By Henry Schmidel
Antarctigo Vespucci is the power-pop side project of punk legend Jeff Rosenstock and indie-punk darling Chris Farren. After Farren’s Florida-based band Fake Problems went on hiatus in 2014, he moved to New York and found Rosenstock, whom he’d met years earlier when Jeff was fronting Bomb The Music Industry! Within the year, Antarctigo Vespucci released two EPs. Last October, they released their second full-length album: Love in the Time of E-Mail.
E-Mail is hard to describe without metaphor. It’s trying to sleep on a friend’s couch—kept awake by the sound of their DVD player’s menu music and light barely peeking through thin window shades. It’s finding love in this new, online world, from dating over email to the heart-pounding nerves of those three dots in iMessage. Most importantly, it’s somehow reminiscent of a specific age yet timeless, using the archaic spelling of e-mail and nostalgic memories to describe feelings that are pervasive through generations. All thirteen songs approach this in a different way, a Black Mirror-like anthology of love in the digital age.

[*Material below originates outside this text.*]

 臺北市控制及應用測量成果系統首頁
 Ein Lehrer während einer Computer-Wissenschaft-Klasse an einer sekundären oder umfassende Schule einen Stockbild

Though it covers a very deliberate theme, Love in the Time of E-Mail doesn’t play out like a typical concept album. Every song is unique and has huge meaning and impact independent of the album as a whole. “Voicemail” is an ethereal message to some unknown lover, constantly backed by the sound of an analog answering machine’s tape rolling. “Kimmy” tells the tale of nervousness and fear at bringing an exclusively online relationship into the real world. “White Noise” describes the fear felt when falling in love with someone without knowing if they feel the same way. It’s also one of the few times that the pointed politicism of Rosenstock’s solo work creeps into Antarctigo Vespucci. “Passed out on election day / Tripping over my words on stage” wouldn’t sound out of place if it were on his own 2018 album, POST-.
“Breathless on DVD” is my personal favorite track. What do you think of when you’re reminded of someone you used to love? Antarctigo Vespucci answers that question with questions of their own. “Are you still 27 and mad at me / Watching Breathless on DVD / In the dead of winter, 2009” is their response. When you think of someone from the past, you’re remembering how you felt, not who they were. Unfortunately for Farren, this relationship didn’t end well, leaving him with one more question: “Why did I crumble? / Why did I crumble at the thought of you last night?”
Sometimes when you remember the good times, it’s hard to remember the not-so-good times that went with them. Love In The Time Of E-Mail, however, doesn’t let you forget. For every sweeping love song that Farren and Rosenstock cook up, there’s a sad side, a reminder that if our past relationships were perfect, they never would have ended.